Different Types of Warehouse Signage to Include
Proper warehouse signage is not just about aesthetics. It improves safety, compliance, and efficiency. Assess your signage to determine if you need any additions or updates. Here are the different types of warehouse signage you should have in your facility.
Few signs are more important than your warehouse safety signs. These are the ones required by OSHA and even some state or local fire codes. They alert anyone in your warehouse of the business’s safety policies and procedures. They also warn of any known or potential hazards and point to the location of items like fire extinguishers and first aid kits.
Exit signs help people in your facility find their way out if there is a dangerous situation or a power outage. These are similar to other safety signs. However, exit signs must be illuminated to ensure anyone can find the exits, even in the dark.
Warehouse operators and delivery drivers need to know where they are going at all times to improve efficiency and reduce confusion that could lead to errors and accidents. Signage attached to dock doors is vital. Since it is often outside, it should be reflective, large, and weather-resistant.
Row and aisle signs are easy-to-read signage throughout the warehouse that tells workers where they are. They should be bright and readable from a distance as well as located at all row or aisle entry and exit points.

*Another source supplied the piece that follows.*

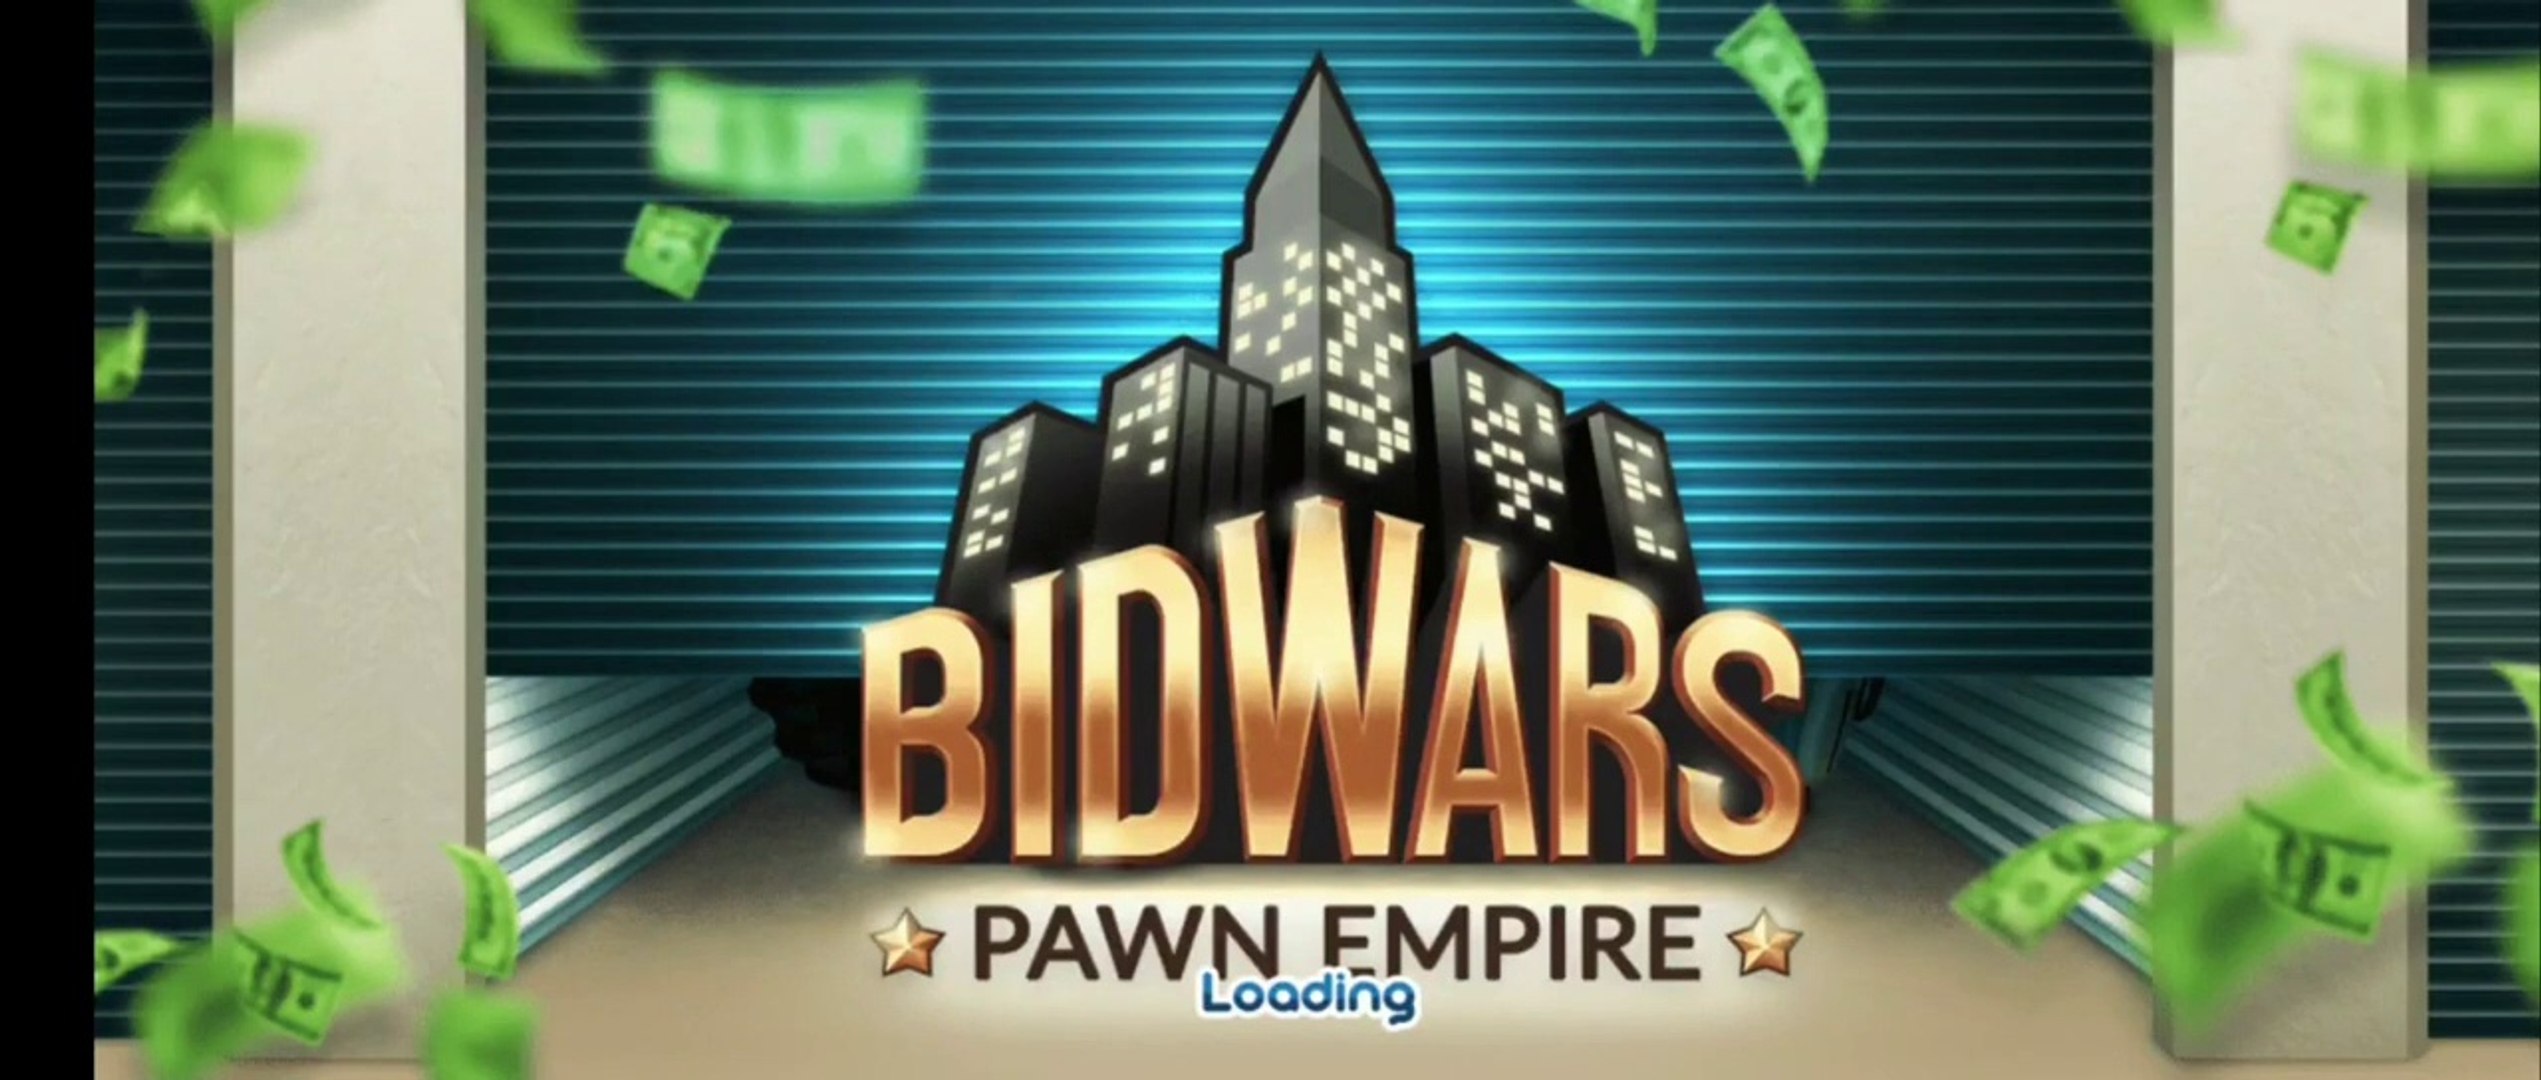 BID WARS: PAWN and game completed - Video Dailymotion

Employees and contract workers need as much assistance as possible to boost productivity and efficiency. Hanging signs throughout the warehouse are installed from the ceiling and can come in many sizes and shapes. They can include barcodes or RFID tags, which can be scanned from a distance to identify the correct storage area for items.
Consider OSHA Requirements With Warehouse Signage
When you create safety and caution signs for your warehouse, you’ll want to refer to OSHA guidelines. These requirements apply to signs giving safety instructions or warning workers about potential or known hazards. They don’t apply to labeling. Some of the requirements include:
1. Sign Format
According to OSHA recommendations, the “trigger word” for information signs should be at the top, and there must be an ANSI-approved hazard symbol at the lower left and middle of the sign.
2. Sign Headers
OSHA guidelines state that the “trigger word” for the sign be in capitalized or block letters that create a contrast with the sign’s background. For most signs, black is the standard font color for the header.
3. Sign Font
OSHA recommends that safety signs use a san-serif font because it is easily readable from a distance. Examples include Verdana, Ariel, and Helvetica.
4. Sign Materials
OSHA guidelines state that warehouse safety signs be made from durable material that is simple to mount and will stand up to various environmental conditions. They should also have rounded corners.
5. Sign Visibility
Warehouse safety signage should be large enough that it can be easily read from the furthest reasonable distance. For example, from 40 feet away, the text on the sign would need to be 1.6 inches in height.
While some types of warehouse signage will be necessary for regulatory compliance, others are recommended to boost efficiency. As you work through these issues, make sure you thoroughly assess every area of your warehouse to determine where safety issues and bottlenecks might occur. These efforts will pay off as you create a more efficient, orderly, and safer warehouse.